The researchers further refined their variant set by looking for blocks of inherited sequence in each of the children's genomes before focusing in on variants that did not fit with predicted inheritance patterns.

"For the 11,292 variants fully called within the quartet," the study authors explained, "34 violated the Mendelian inheritance rules and would be consistent with a de novo mutation within the proband (i.e., the mutation is present in the proband but not in either parent or the sibling.)"

From there, the researchers weeded out variants that did not seem to be disease-related, first tossing out variants found in 1000 Genomes Project data or in other genomes sequenced at Complete Genomics, and then sorting variants based on whether they occurred in error-prone or repeat rich parts of the genome.

The two-dozen variants that remained were tested by Sanger sequencing, which verified just one de novo variant in the affected child: a missense mutation in SCN8A, the latest in a string of sodium channel genes that have been linked to epileptic conditions.

In this case, the patient's missense mutation is predicted to swap out an asparagine for an aspartate in a highly conserved region of a sodium channel sub-unit called Nav1.6 that's found throughout the brain and central nervous system.

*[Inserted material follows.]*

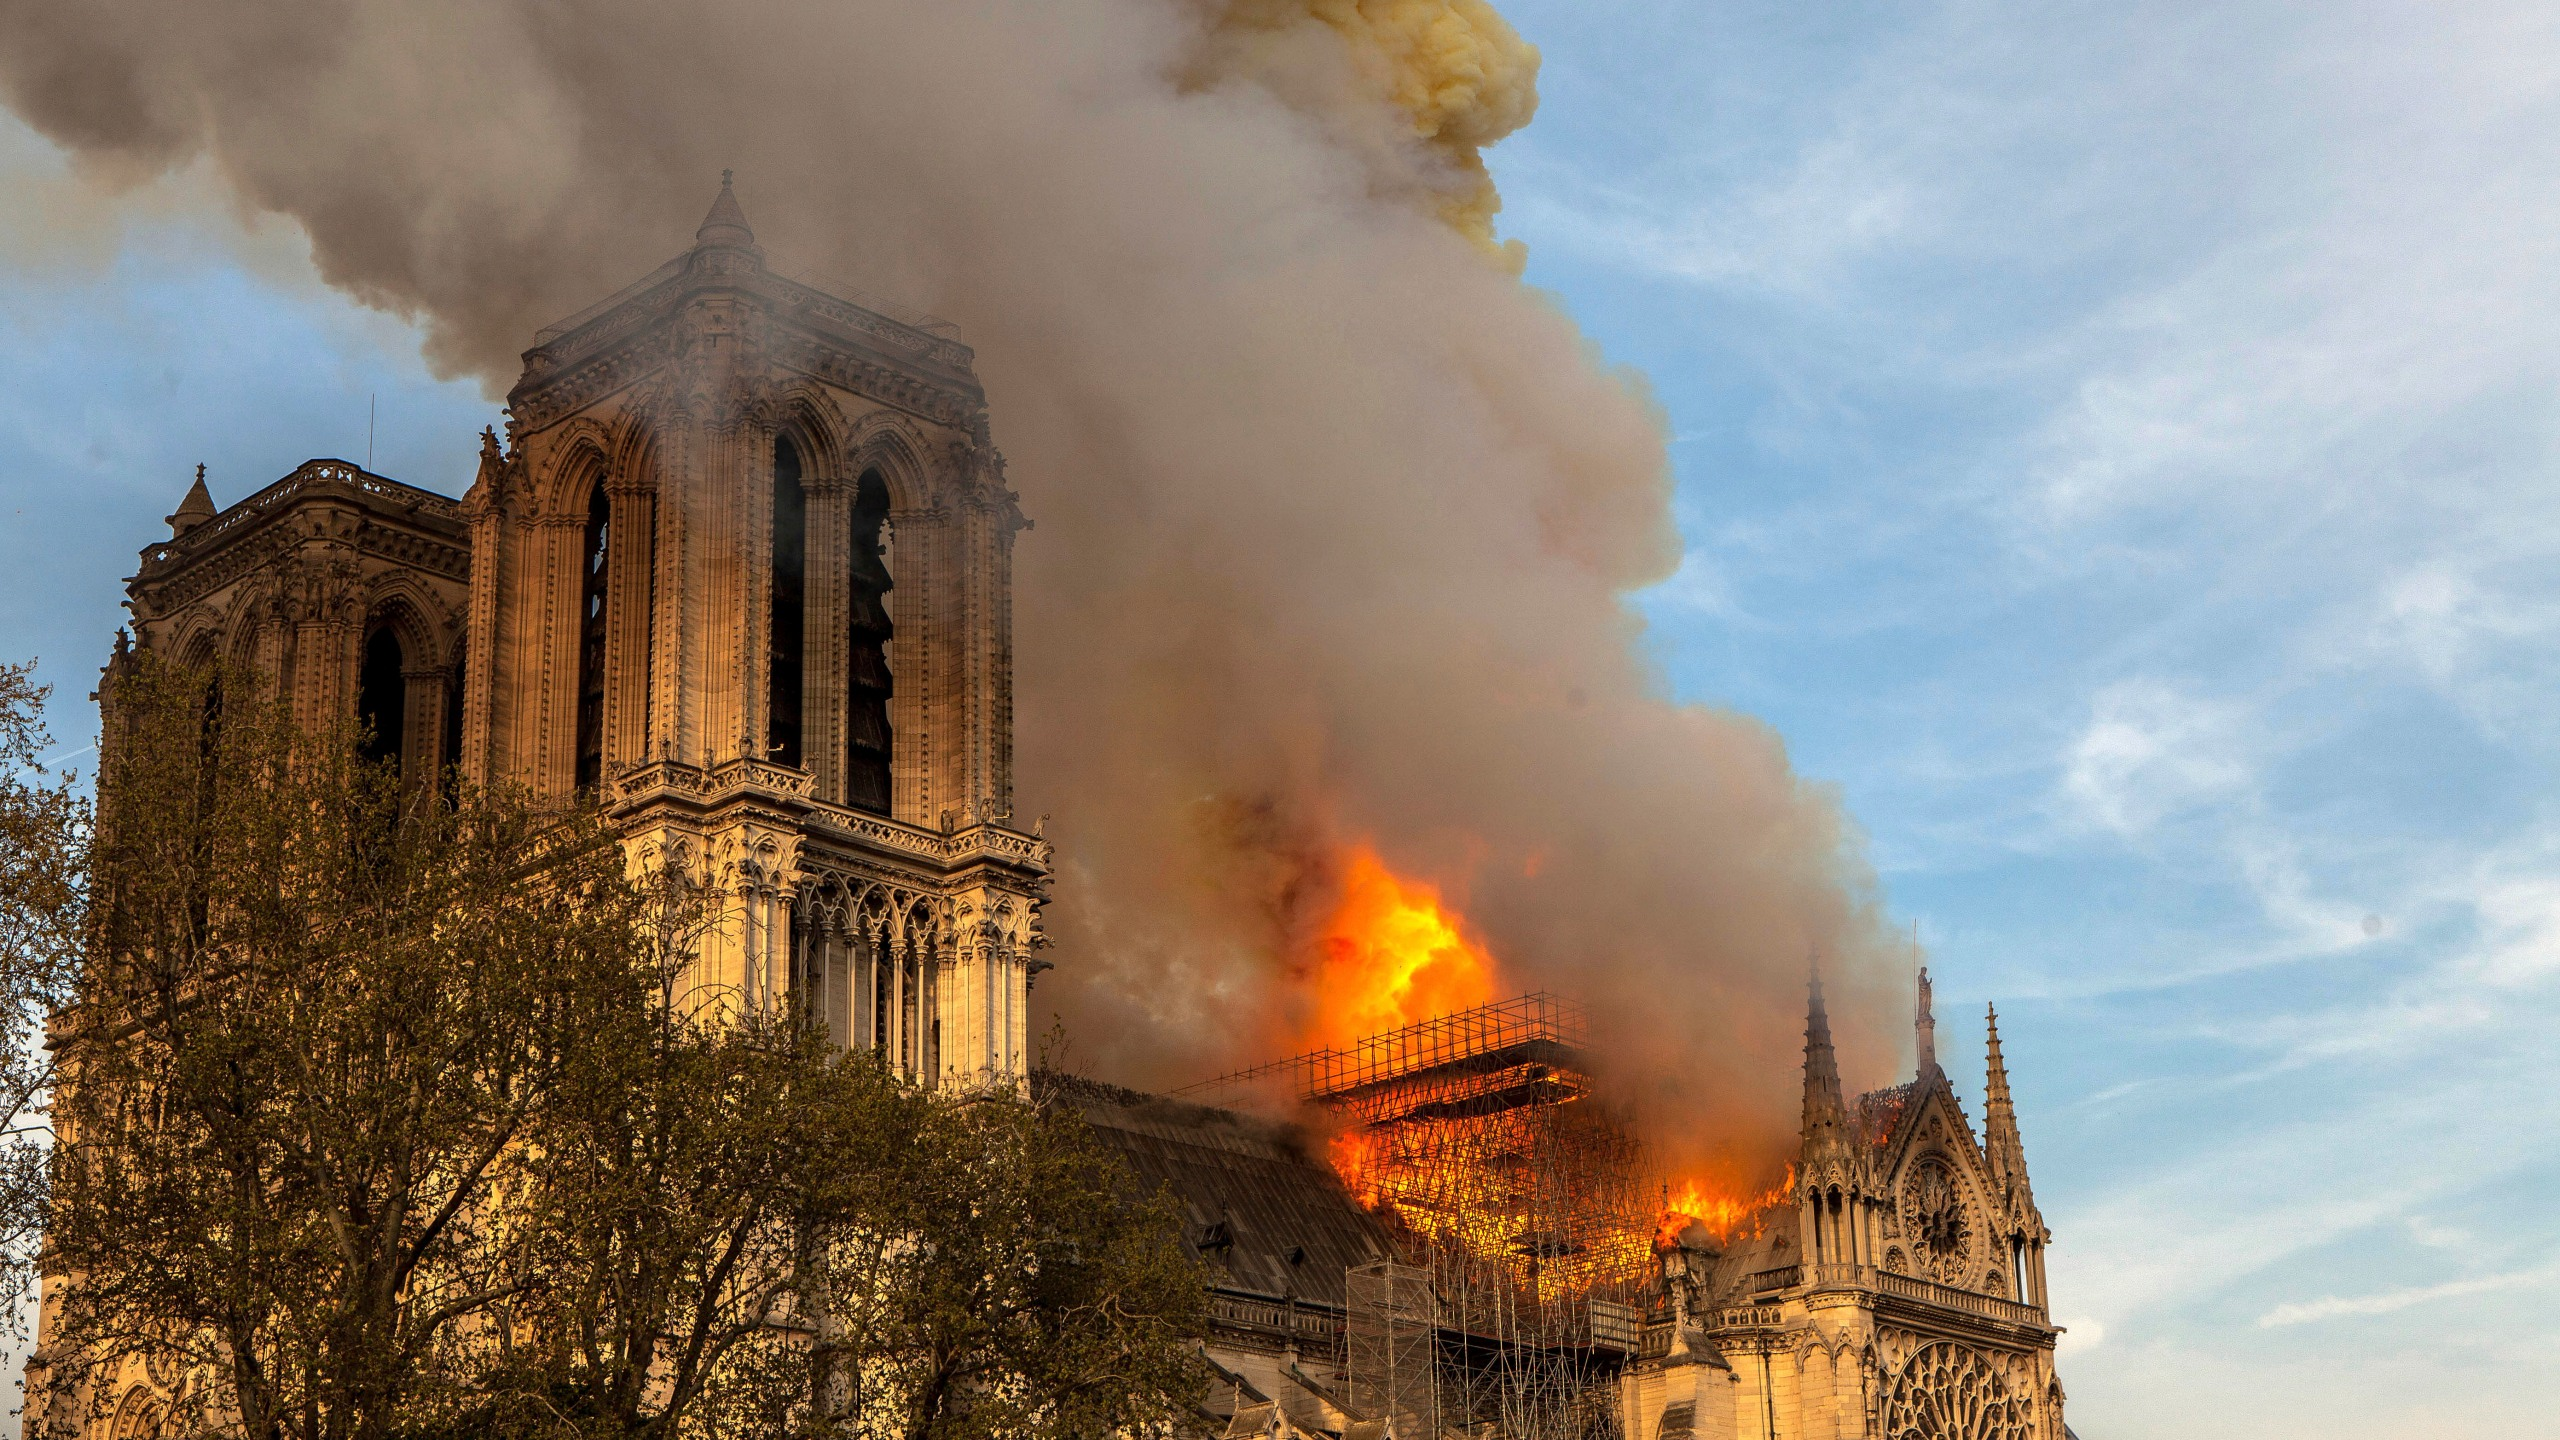 France_Notre_Dame_Fire_47253-159532.jpg54627123

Indeed, the team's follow-up experiments in cell lines indicate that neurons containing this dominant mutation are prone to spontaneous and excessive firing — features consistent with the patient's seizure symptoms.

Meanwhile, when they analyzed the data assuming homozygous recessive inheritance, researchers found alterations in two genes — NRP2 and UNC13C — that were previously implicated in autism, epilepsy, and neuronal-related functions.

The team speculated that these recessive changes may have influenced the way the affected child's condition manifested itself — and the severity of her symptoms. Nevertheless, they cautioned that additional research is needed to test that notion.

"It has often been suggested that the inheritance of modifier loci contributes to the wide phenotypic variability of individuals with SCN1A mutations," researchers noted. "With [whole-genome sequence] data, it is now possible to predict the identity of specific candidate modifier variants in individuals."

Analysis of non-coding regions in the family's genomes led to 23 potential regulatory mutations, the researchers reported, though none of those alterations could be confirmed by Sanger sequencing.